Clif Shepard, Hiouchi
Don’t understand need to cut down trees for airport
As I sat on the front porch of my home in Gasquet, finally after a rain needed for the spring to come, I looked upon the efforts of our work to make the yard a haven. The upcoming spring would show the magnolia in blume, the pine trees allowing shade to the backyard, and the rhodies — they were going to finally be vibrant.
As I drank the coffee, I realized, all was at risk. We had come to this area for reasons, most being country living, sounds of the river, trees, coolness of shade during beautiful summer months, and the ability to grow something.

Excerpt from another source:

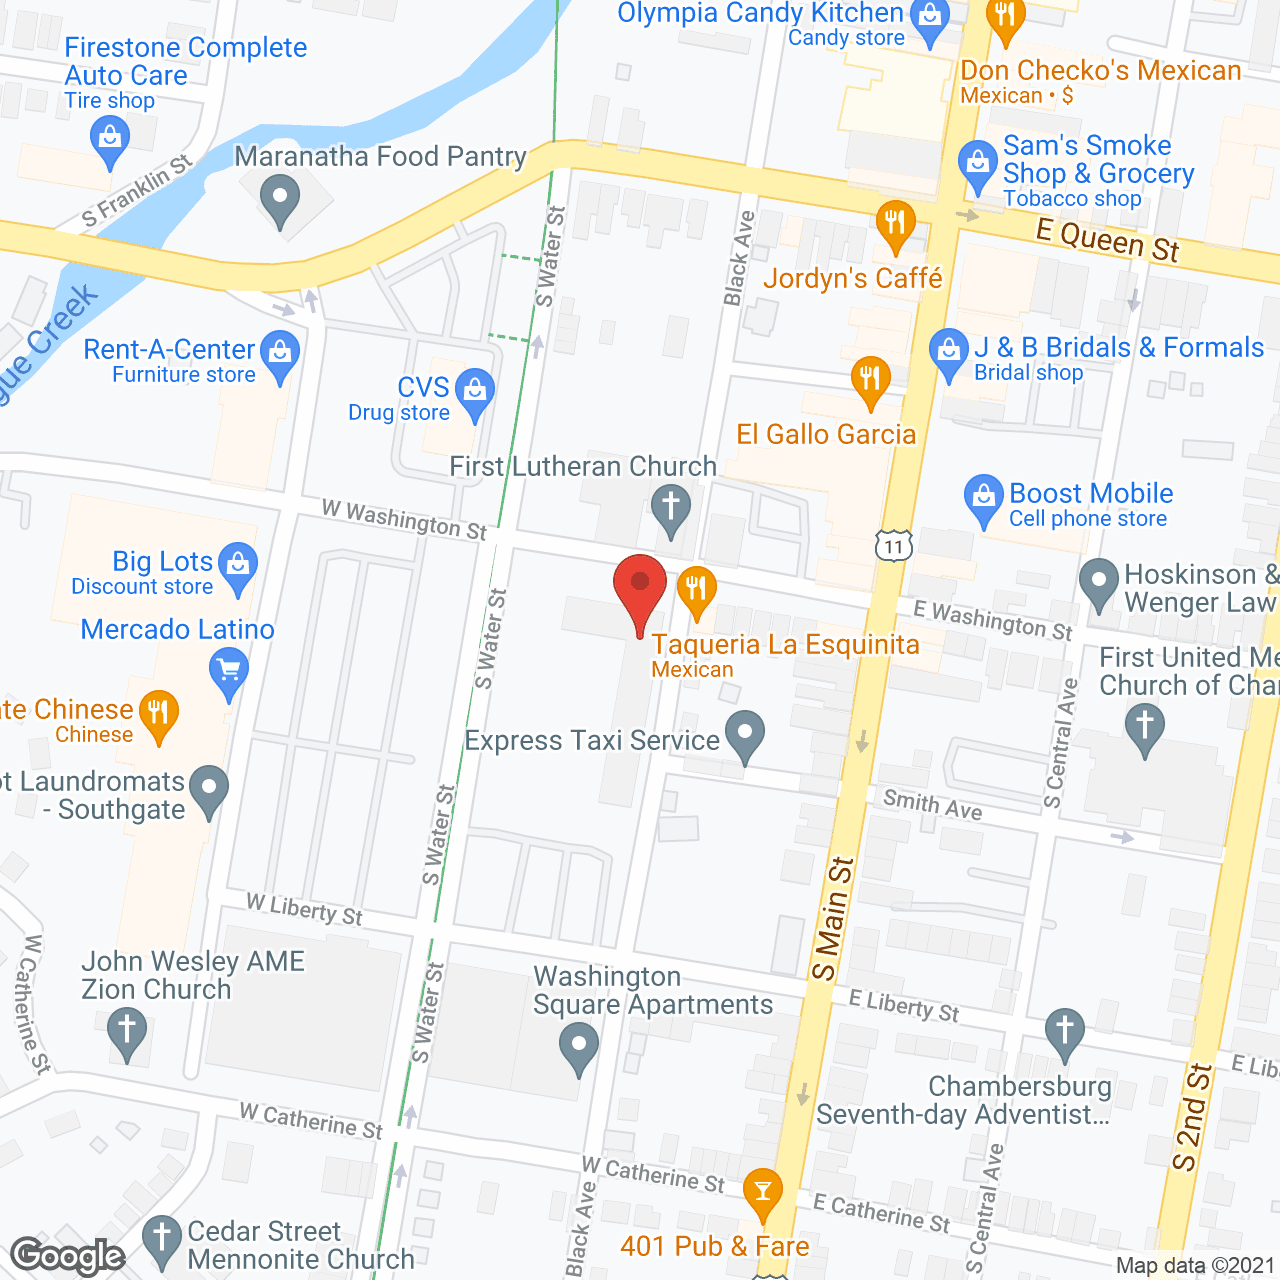 Washington Square in google map

The neighbors had received the notice, the contracted markings on the trees and shrubs, (approximately 338 trees). According to the notice, the aviation people have told numerous neighbors to prepare for the removal, and/or topping of trees, vegetation, or structures, that do not comply with FAA guidelines, for the Gasquet Airport to be in compliance to such rulings (“No exception for trees,” Triplicate, Feb. 11).
Wait, this is my property, my trees, and my work. To be told it is mandatory was disheartening. Not just told, the notice from the contracted persons, non-negotiable, the result would seem determined. The local residents, have asked, what do we do? As far as law and mandates go, nothing, but let us ask, can we come to some kind of understanding? This is our property, our dreams, our work.
We understand the need for flight pattern safety, what we don’t understand is the need a barren proximity to allow the few expert pilots to navigate the approach to the Gasquet Airport. Please look at the neighborhood and its residents who have strived to prevail in such a pristine and difficult area.
Likely, the proposed project will not be completed, not here, not in Gasquet, not without disagreement.